Monday, 7 March 2016

Wars are being fought as in 'barbarian times', warns MSF chief

Attacks against civilians in war zones across the world have grown more indiscriminate due to a myopic focus by the major global powers on fighting terrorism, the head of the international charity Médecins Sans Frontières has said.
In an interview with the Guardian, Joanne Liu, the Canadian physician and president of MSF, issued a broad indictment of how modern warfare is conducted, declaring that world powers have failed in their duty to uphold the rules of conflict, threatening a return to “barbarian times”.
“We are in a completely different way of rules of engagement in conflicts,” she said during a visit to Beirut. “I still believe that what the Geneva convention and international humanitarian law brought to conflict was to mitigate war on civilians, and by not respecting that we are going backwards a hundred years. It’s barbarian times. I don’t think in the 21st century we should allow ourselves to drift there.
“If the rules are to be changed, we want to be told,” she said. The past few months have seen an increased ferocity of attacks on health facilities, especially in the Middle East.
Last month, airstrikes hit an MSF supported hospital in Syria’s opposition-controlled Idlib province, killing 11 people, the 14th attack on medical facilities since the start of the year.

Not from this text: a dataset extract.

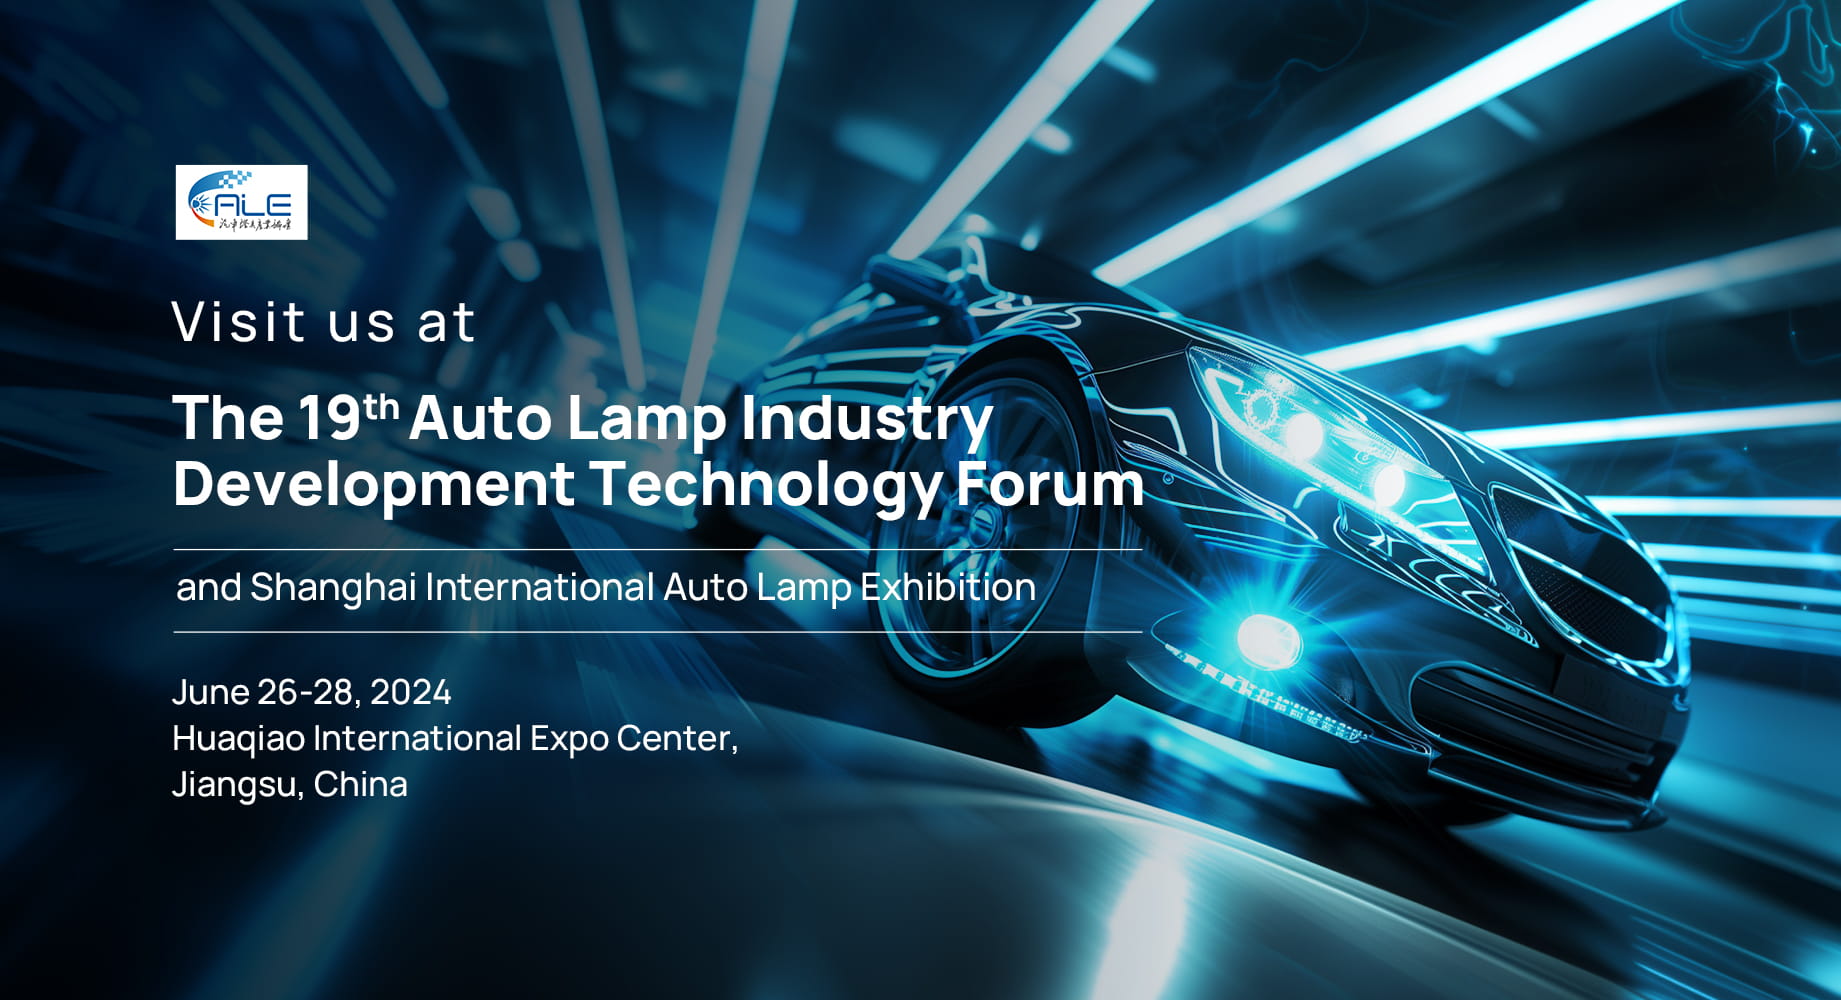 Focuslight Will Be Exhibiting at The 19th Auto Lamp Industry Development Technology Forum and Shanghai lnternational Auto Lamp Exhibition（ALE）

A total of 94 airstrikes and shelling attacks targeted facilities backed by the organisation in Syria in 2015 alone.
Over the past five months, two MSF hospitals have been attacked in Yemen, as well as one mobile clinic and an ambulance belonging to the organisation, which is operating in the midst of a war where a coalition led by Saudi Arabia is fighting Iranian-backed Houthi rebels.
Last October, an MSF hospital in Afghanistan’s Kunduz district was destroyed after an hour of sustained airstrikes by the United States, despite repeated calls by the charity to the American-led coalition and the fact its GPS coordinates had been provided in advance.

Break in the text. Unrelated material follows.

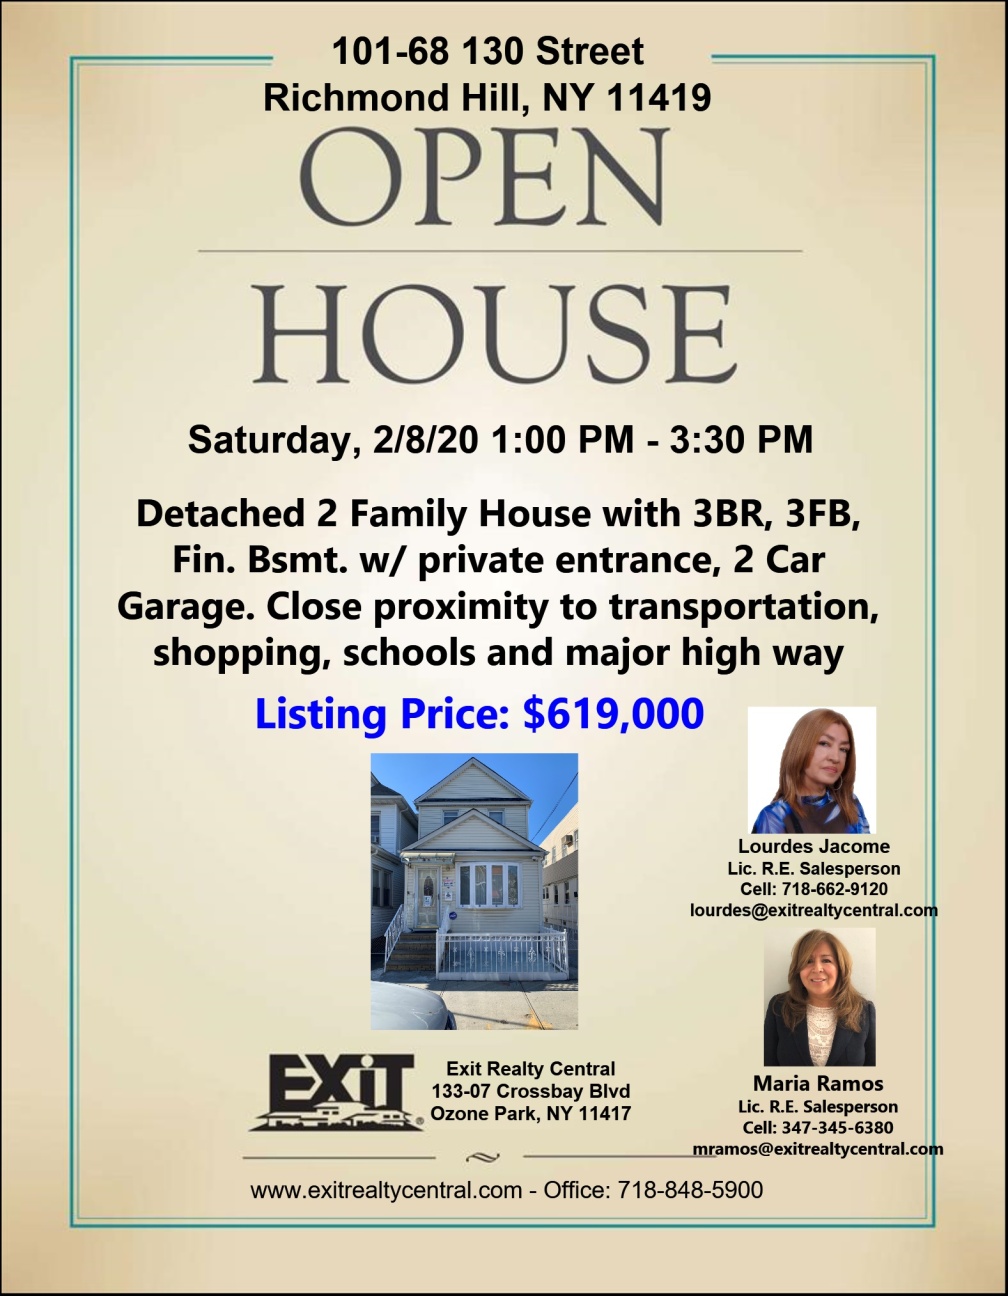 Open House in Richmond Hill 2/8  1-3:30pm

“I think the last [attack in Syria] and the event in Kunduz, what is striking is the precision of the attack, the insistence of the attack and the persistence of the attack over time,” she said.
MSF has continued to insist on an independent investigation into the Kunduz strikes – Liu said it was obvious the attack was very precise, since even trees around the hospital compound were completely intact, whereas much of the hospital itself was burned to the ground.